Séminaire :
Séminaire et activités de l’équipe « Multilinguisme, Traduction, Création » /2024-202506/06/2025
Laura Alcoba, écrivaine et traductrice, est née en Argentine en 1968. Pour fuir la dictature et les persécutions de la Guerra Sucia (1976-1983) elle s’est établie avec sa mère en région parisienne à l’âge de 10 ans. Manèges, son premier texte autobiographique paru en 2007 chez Gallimard, évoque le besoin qui s’imposait en Argentine de surveiller sa langue et de garder le silence, à une époque où un geste ou un mot de travers pouvait trahir le groupe auquel on appartenait. Très jeune, Alcoba se cachait avec sa mère et des militants Montoneros dans une maison soi-disant « sûre » de la Plata mais où tous les militants qui y résidaient ont été massacrés par les forces du Général Videla un jour de 1976. L’espagnol est la langue où la petite Laura a appris à se taire, une langue souillée par la violence et la peur, et qui véhiculait un énorme sentiment de responsabilité, voire de culpabilité. Ce fut pour autant une langue chérie, celle qu’elle utilisait pour écrire des lettres à son père, prisonnier politique incarcéré à La Plata. En tant que jeune réfugiée, elle étudiait et commentait des textes philosophiques et littéraires en français, alors que son père lisait les mêmes textes en espagnol dans sa cellule en Argentine. L’espagnol est alors aussi la langue où s’exprimait l’amour entre père et fille, mais de manière circonscrite et sur le ton de la discussion littéraire.

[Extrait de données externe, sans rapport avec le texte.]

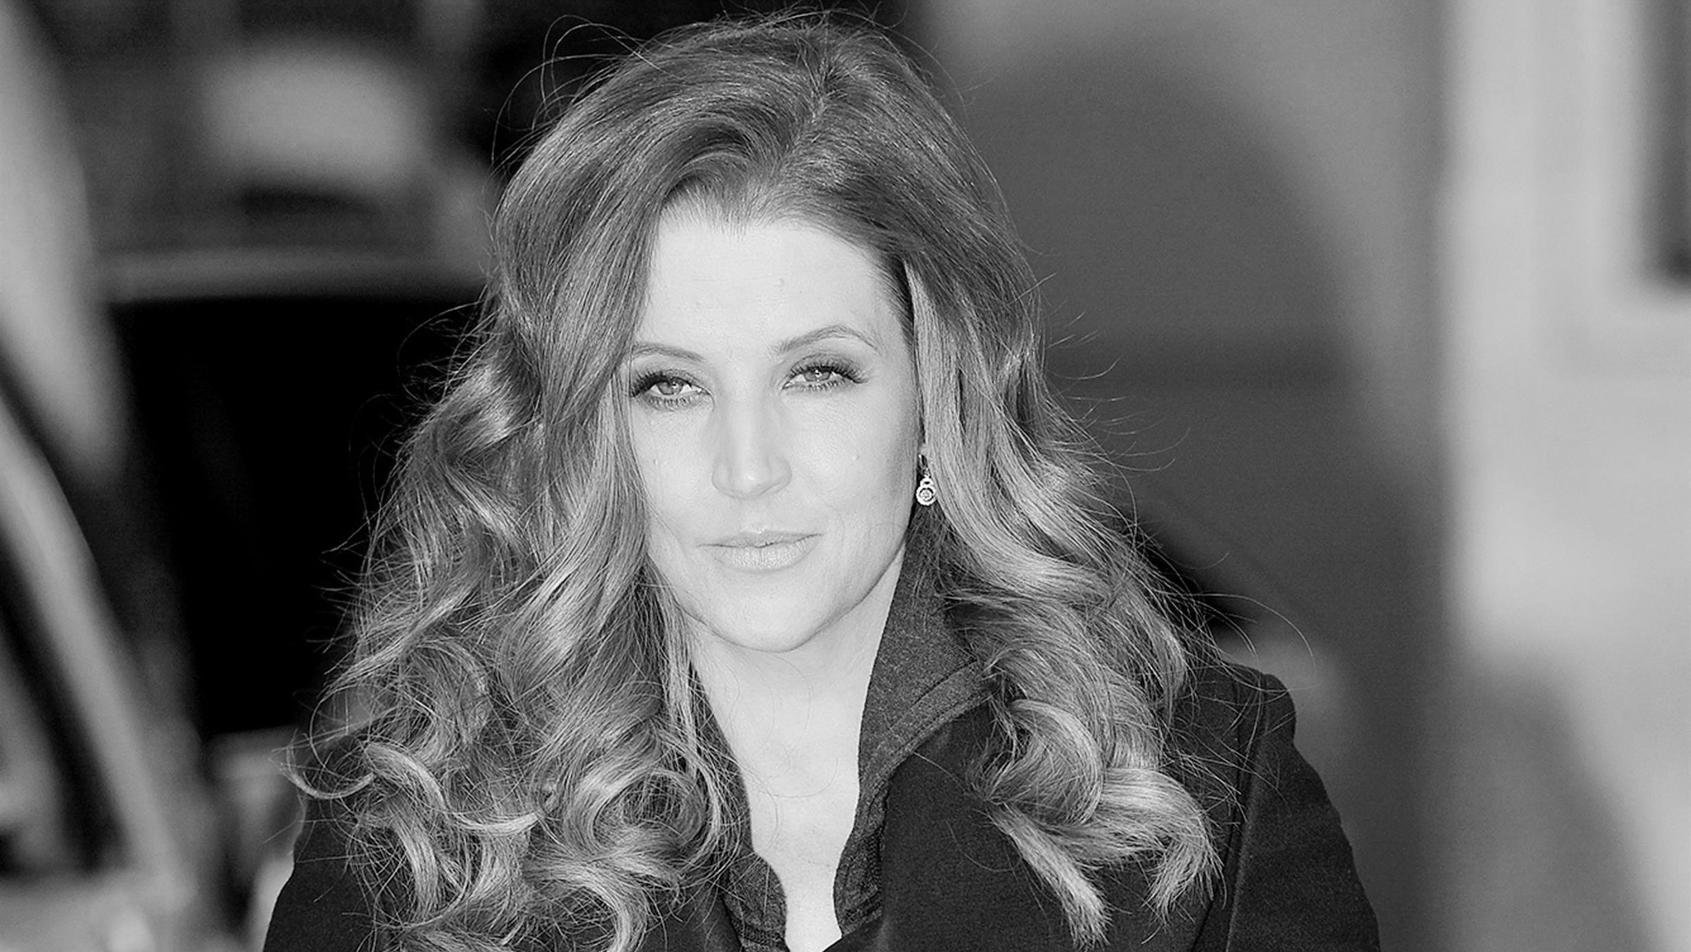 BGUK_2546733 - LONDON, UNITED KINGDOM - *STOCK IMAGES* Lisa Marie Presley, singer and daughter of Elvis, dies aged 54.*PICTURES TAKEN ON THE 13/09/12* - LONDONSINGER LISA MARIE PRESLEY SEEN AFTER HAVING PRE-RECORDED FOR THE ITV THIS MORNING SHOW.Pict

De cette expérience, Alcoba a tiré une dualité linguistique très fructueuse, et une expérience de l’entre deux. Son œuvre créative traite d’un passé traumatisant mais aussi du processus d’adopter une nouvelle langue (le français), qui apportait une part de libération psychique. Alcoba traite également de douleurs partagées, à cause des violences nationales en Argentine. Elle parle de silences, de trous béants et d’émotions fortes mais tues, ainsi que de transformation et de la (re)construction de soi par l’écriture. Aujourd’hui, en plus de ses activités d’écrivaine et d’enseignante elle pratique la traduction d’ouvrages littéraires de l’espagnol vers le français. Elle ne s’auto-traduit pas, et écrit ses propres livres en langue française. Cependant, d’autres langues font parfois irruption dans ses récits personnels, surtout des bribes d’espagnol mais dans La Danse de l’araignée également quelques fragments en allemand, langue apprise en France et appréciée comme un territoire secret. L’apprentissage de langues additionnelles devient un lieu de conquête, de jeu et de poésie pour cette écrivaine, alors que la langue d’origine demeure entourée d’ambiguïté.

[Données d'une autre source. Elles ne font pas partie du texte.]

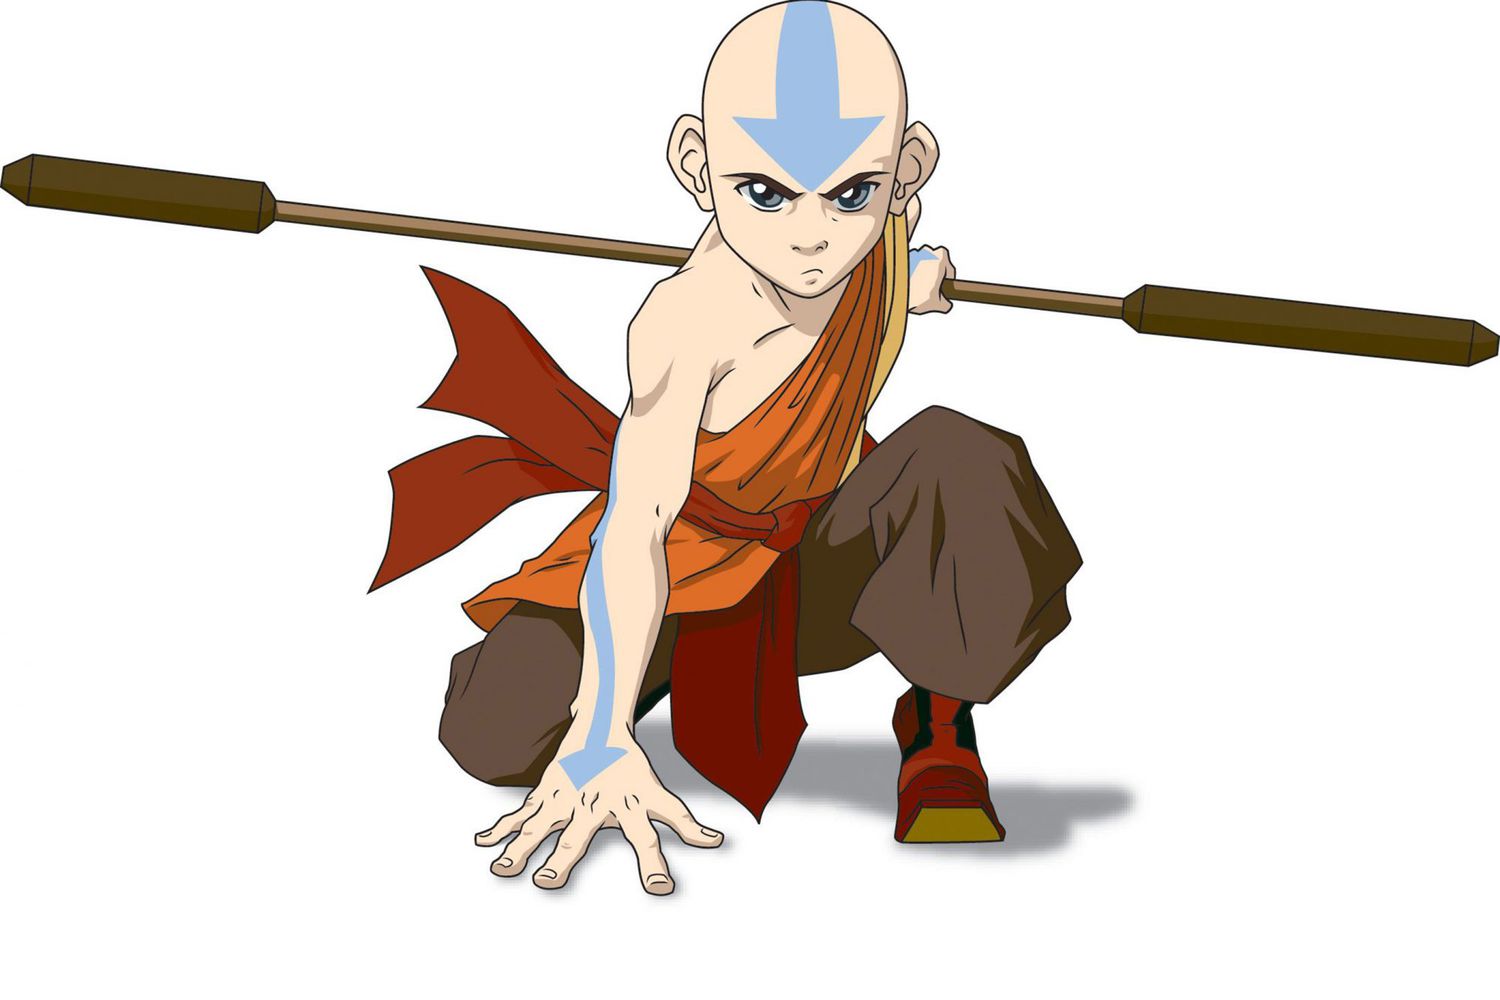 Avatar The Last Airbender is getting an animated movie

Dervila Cooke est chercheuse et enseignante à Dublin City University en Irlande. Ses recherches portent principalement sur la production culturelle créative très contemporaine, essentiellement pour la France et le Québec, avec des réflexions post-coloniales. Elle a dirigé le numéro thématique de Comparative Literature and Culture de 2016, consacré à la représentation de l’immigration dans l’écriture contemporaine en France, au Québec et en Irlande. Depuis, elle a publié deux monographies chez Palgrave Macmillan, toutes deux en 2024, sur les récits autobiographiques d’auteurs qui sont culturellement mixtes. La première de ces monographies s’appelle Indigenous and Transcultural Narratives in Québec : Ways of Belonging, et la deuxième s’intitule Life Writing and Transcultural Youth in Contemporary France : Azouz Begag, Maryam Madjidi, and Laura Alcoba. Ses premières recherches ont porté sur Patrick Modiano, pour les idées d’auto-bio-fiction et de témoignage, la post-mémoire, l’histoire de la Seconde Guerre mondiale, la mémoire personnelle traumatisée et le rapport problématique à la francité et à une identité juive mixte. Ses principaux ouvrages sur Modiano sont sa monographie Present Pasts de 2005 et le numéro spécial de French Cultural Studiesqu’elle a dirigé en 2012 : Modiano et l’image. Elle s’intéresse également aux flâneurs et aux flâneuses, y compris dans la sphère culturelle contemporaine.